Background: Venom immunotherapy (VIT) is a treatment with established efficacy for the prevention of repeated anaphylactic reactions in patients with Hymenoptera allergy, which also allows patients to discontinue carrying an EpiPen. Despite their merits, both treatments can have negative aspects potentially important to patients.
Objective: We examined possible negative aspects of the EpiPen in comparison with VIT as perceived by patients.
Methods: Positive and negative aspects of both treatments were measured by using a burden of treatment questionnaire together with statements about the EpiPen.

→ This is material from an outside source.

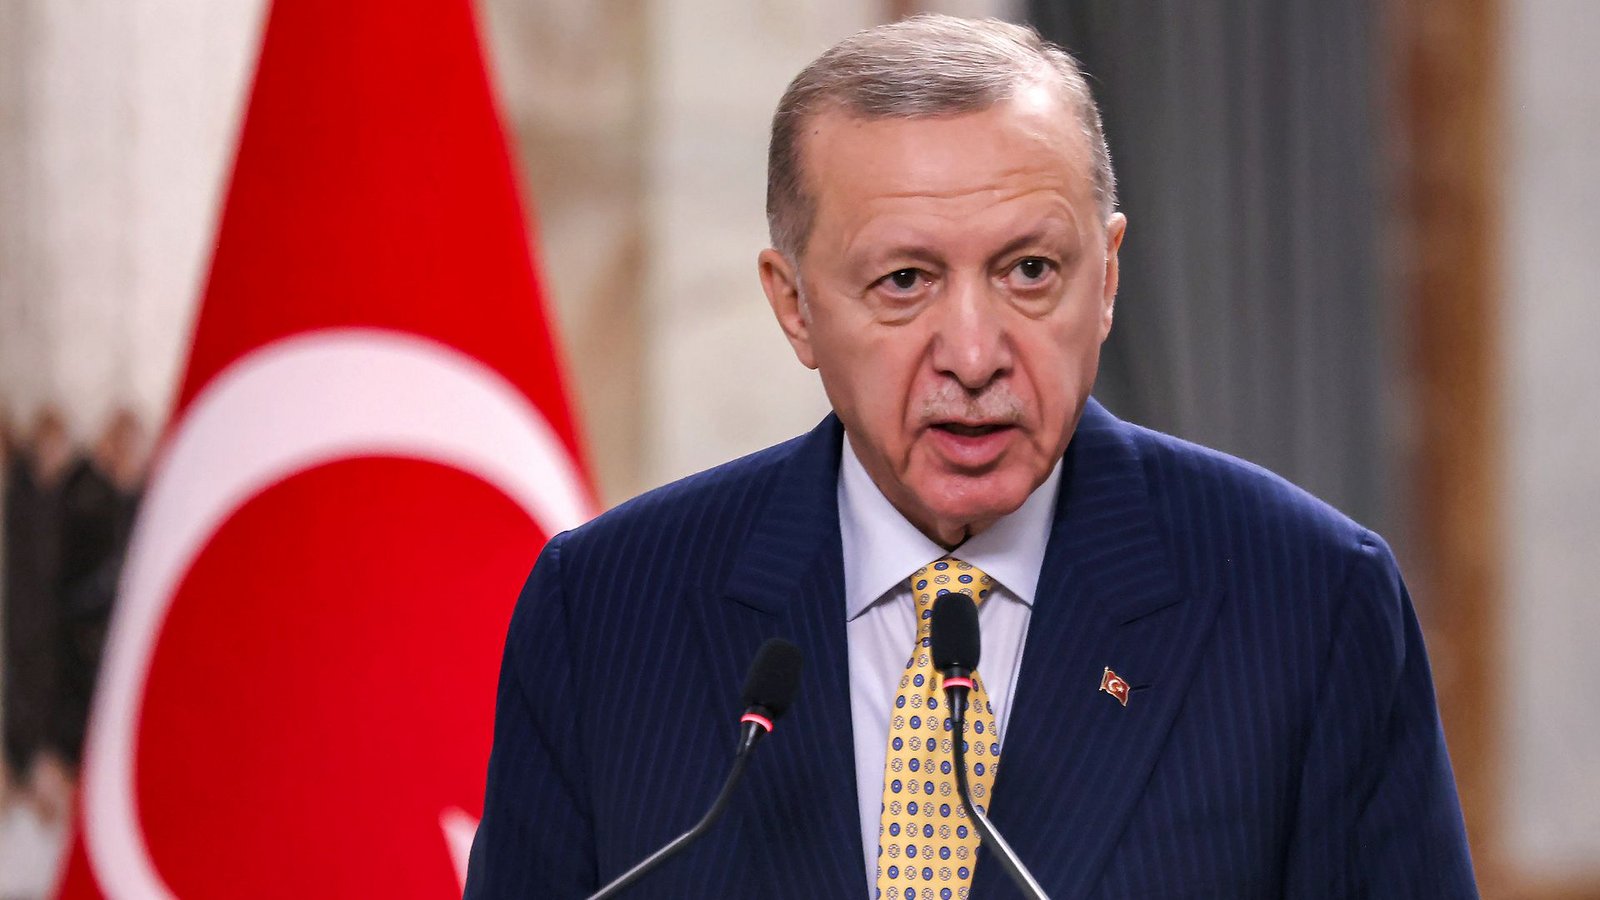 Der türkische Präsident Recep Tayyip Erdogan wirft dem Westen vor, seine eigenen Werte zu missachten, wenn es um den Gaza-Krieg geht.Foto: AHMAD AL-RUBAYE/AFP Pool via AP/dpa

Results: One hundred ninety-three patients were included, of whom 94 consented to randomization: 47 received VIT, and 47 received the EpiPen. Of the remaining 99, 75 chose VIT, and 26 chose the EpiPen. Of the patients receiving VIT, 91.5% were (extremely) positive about their treatment, and 85% would choose VIT again. Of the patients receiving the EpiPen, only 48% were positive about their treatment, and even of these patients, 68% preferred to be treated with VIT after 1 year of carrying the EpiPen. Although most patients indicated that it is reassuring to carry an EpiPen and makes them feel safe, many patients also indicated that it is inconvenient and troublesome. Especially patients who were negative about the EpiPen indicated that they would not dare use the EpiPen if necessary and were afraid at possible side effects.
Conclusion: In contrast to VIT, the EpiPen is perceived as burdensome by most patients with venom allergy. For most patients, an EpiPen is an unsuitable definitive treatment.
Clinical implications: As VIT enables patients with venom allergy to get rid of the EpiPen, patients should be offered VIT.